It has been a long time since somebody has prompted me to say ‘Thank You!’. Last, I remember was on my birthday. I had never thought about it, until today when a friend of mine, complimented another friend of mine about how good his work was. Not the first time, I saw someone being admired, today I cared enough to develop a hunger for being passionate about something. Problem is, I am not very talented. Nor do I feel anything other than a fleeting urge to make films myself or be an actor. Or anything of that sort. The only thing I can’t even aspire to do is create music, since I cannot sing well or play any instrument. I am an accounts guy, by profession but do not really consider myself to be someone with an above average aptitude for it.
Most times, I am not even bothered by this. Smoking and drinking with friends, watching sports, being in the middle of some debate or gossip, reminiscing about past memories, and fantasizing about new ones are my only activities. I had considered Photography for a while, but looking at the amount of people that are in it right now, I refrained.
It’s not like I need to be an artist or anything. I will eventually get a job, and marry, and have kids. I’ll be occupied. But at least, I should be passionate about something other than a random TV show, or a whiskey brand. Some kind of a special skill-set. Or a heightened expertise in something more than the art of chatting with five people simultaneously, or the art of preparing imaginative bills in order to extract more money out of your parents. Something, that people associate you with. Even if it’s a niche skill like skateboarding. Or Typography.

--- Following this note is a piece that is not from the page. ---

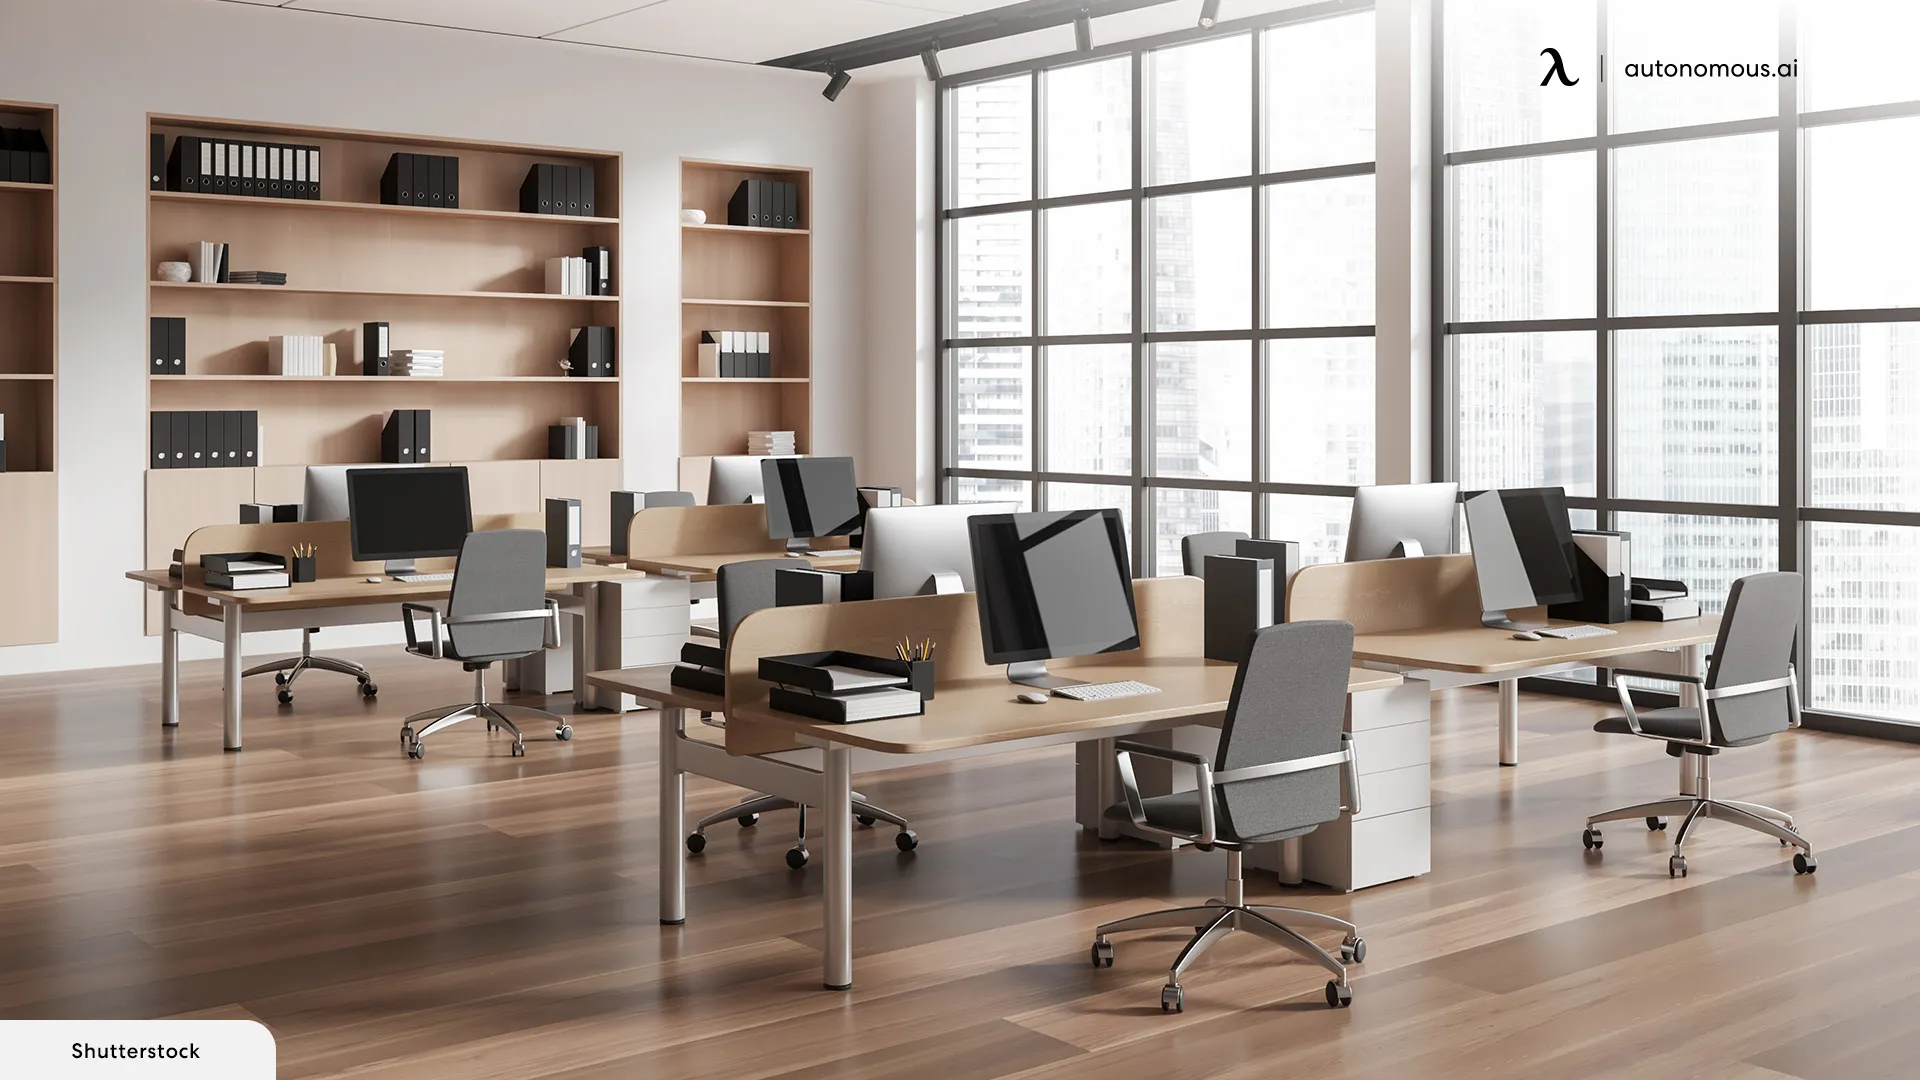 The Office Room (and Other Spaces) Every Business Should Have

But, I don’t know anything of that sort, I feel passionate about. But, I want to.
I have written this as the subject for a flash based animation that I’ll be making this semester. I usually don’t bother myself with such topics, but since it was a flash based thing, I decided to do something inspirational in an understated manner. It may not be good, but it’d do for assignment purposes. Sharing it, for the post count and the small possibility of someone finding worth in this.